» **TASK GOAL**
The output is the line containing "Neon-Naht Stonewashed Regular-fit-Jeans" plus every later line down to the end of the listing below, copied exactly. No pictures belong in it.

» **DATASET SECTION**
--- START ---

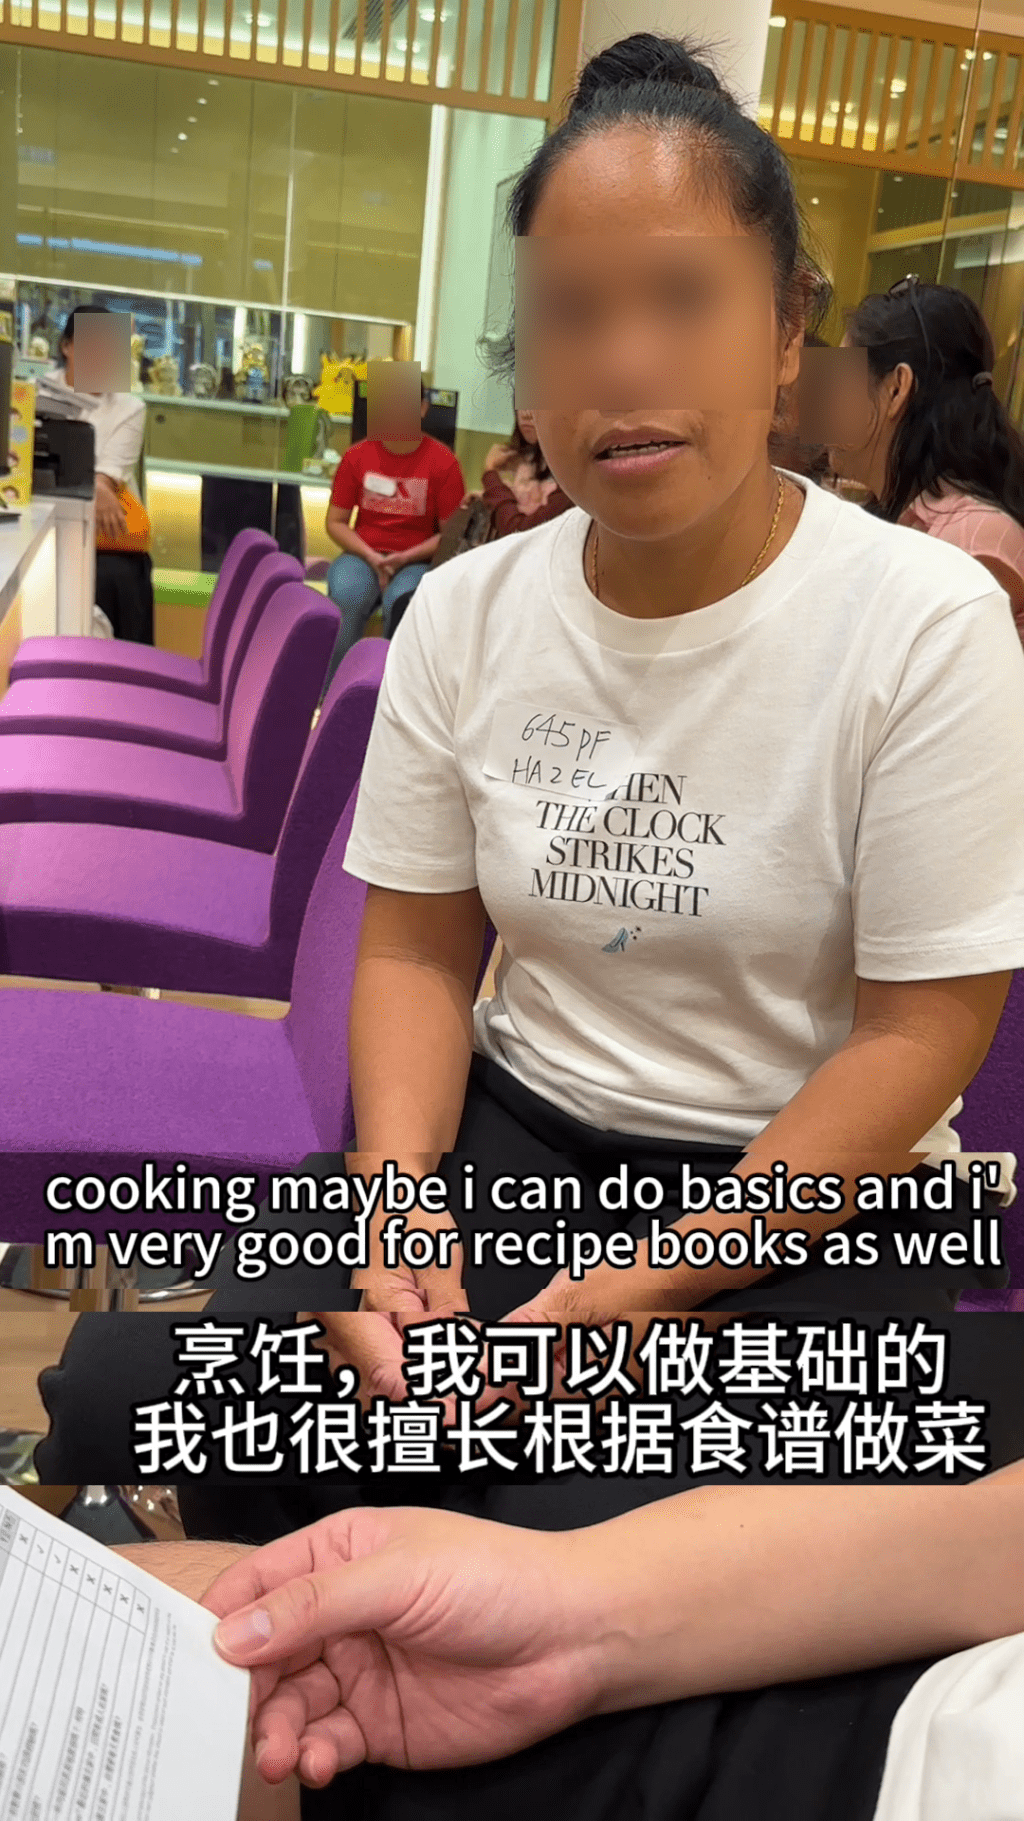 至於煮飯問題，她表示可做基本菜式，亦擅長跟食譜煮飯。
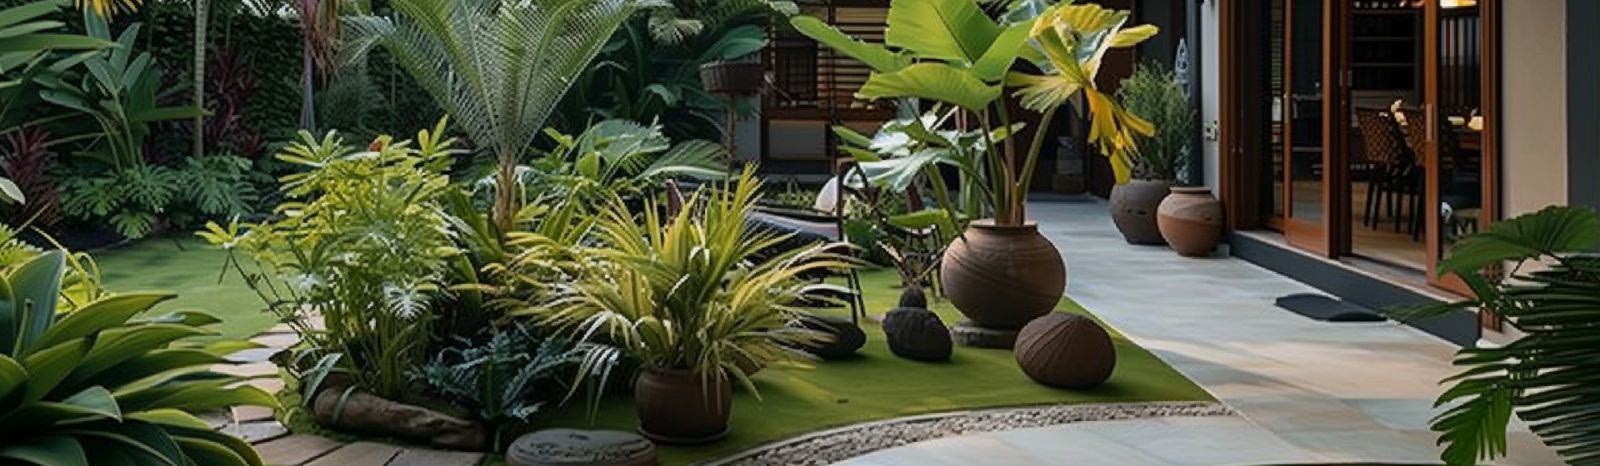 Jardin exotique : conseils pour un jardin tropical dans nos régions.
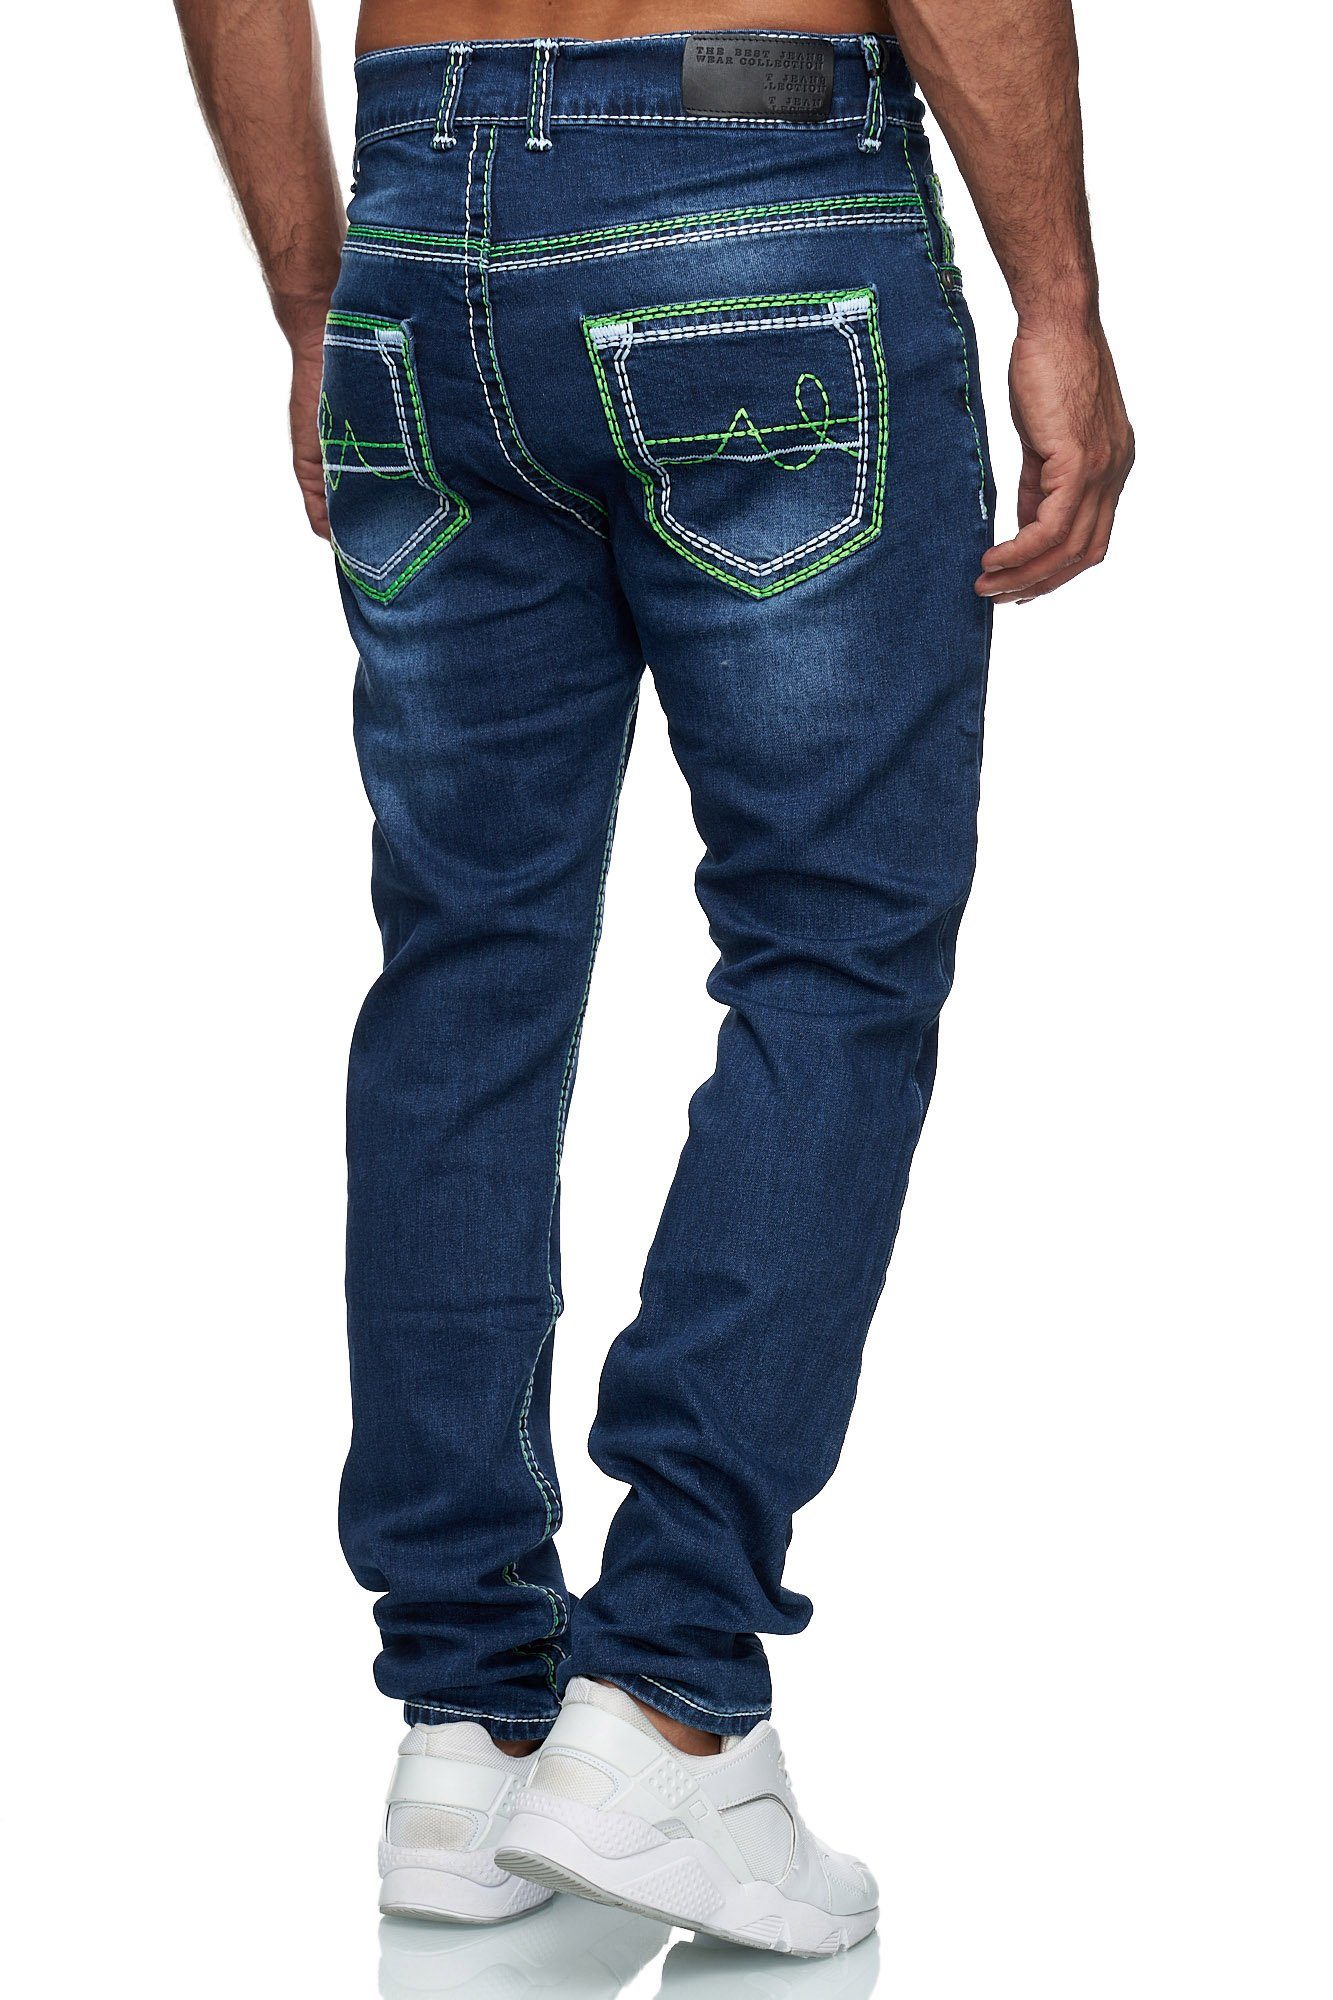 Neon-Naht Stonewashed Regular-fit-Jeans Herren Stretch Dicke Jeans Straight 20897-2 Grun Baxboy Denim Fit
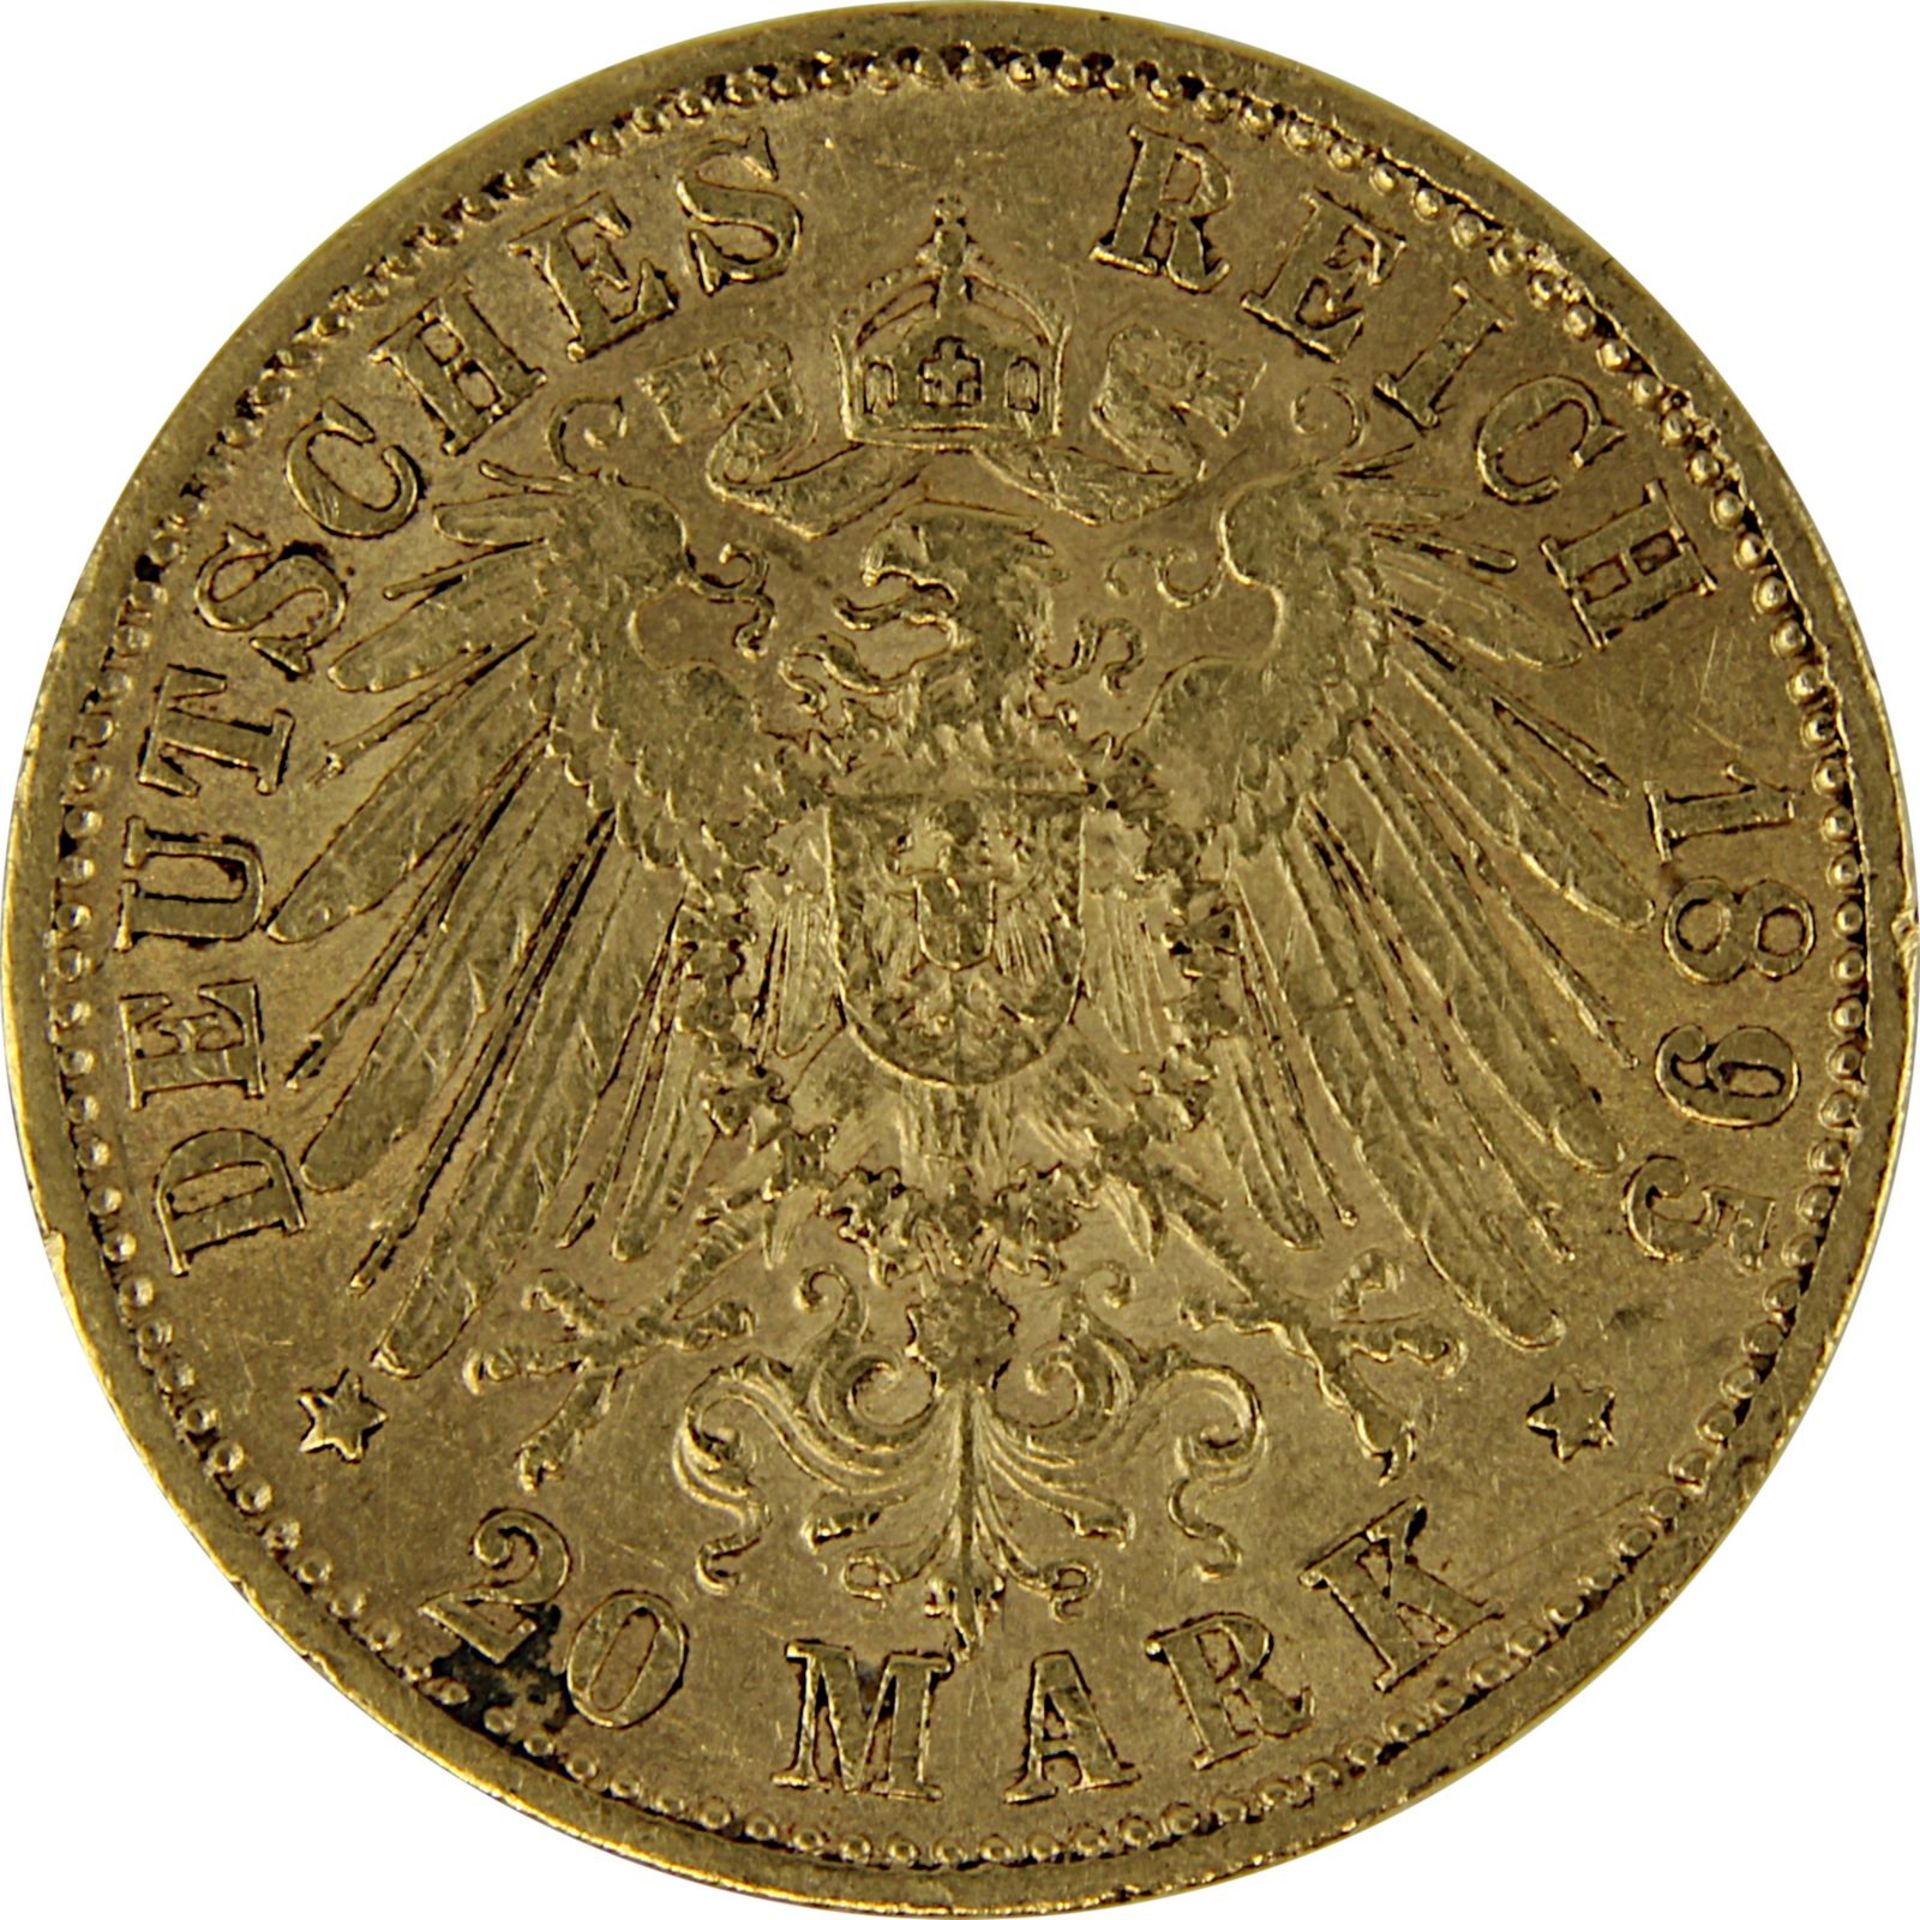 Goldmünze zu 20 Mark, Bayern - Deutsches Reich 1895, Avers: Kopf Otto König von Bayern nach links u. - Bild 3 aus 3

--- END ---

» **SOLUTION TO THIS PROBLEM**
 Neon-Naht Stonewashed Regular-fit-Jeans Herren Stretch Dicke Jeans Straight 20897-2 Grun Baxboy Denim Fit
 Goldmünze zu 20 Mark, Bayern - Deutsches Reich 1895, Avers: Kopf Otto König von Bayern nach links u. - Bild 3 aus 3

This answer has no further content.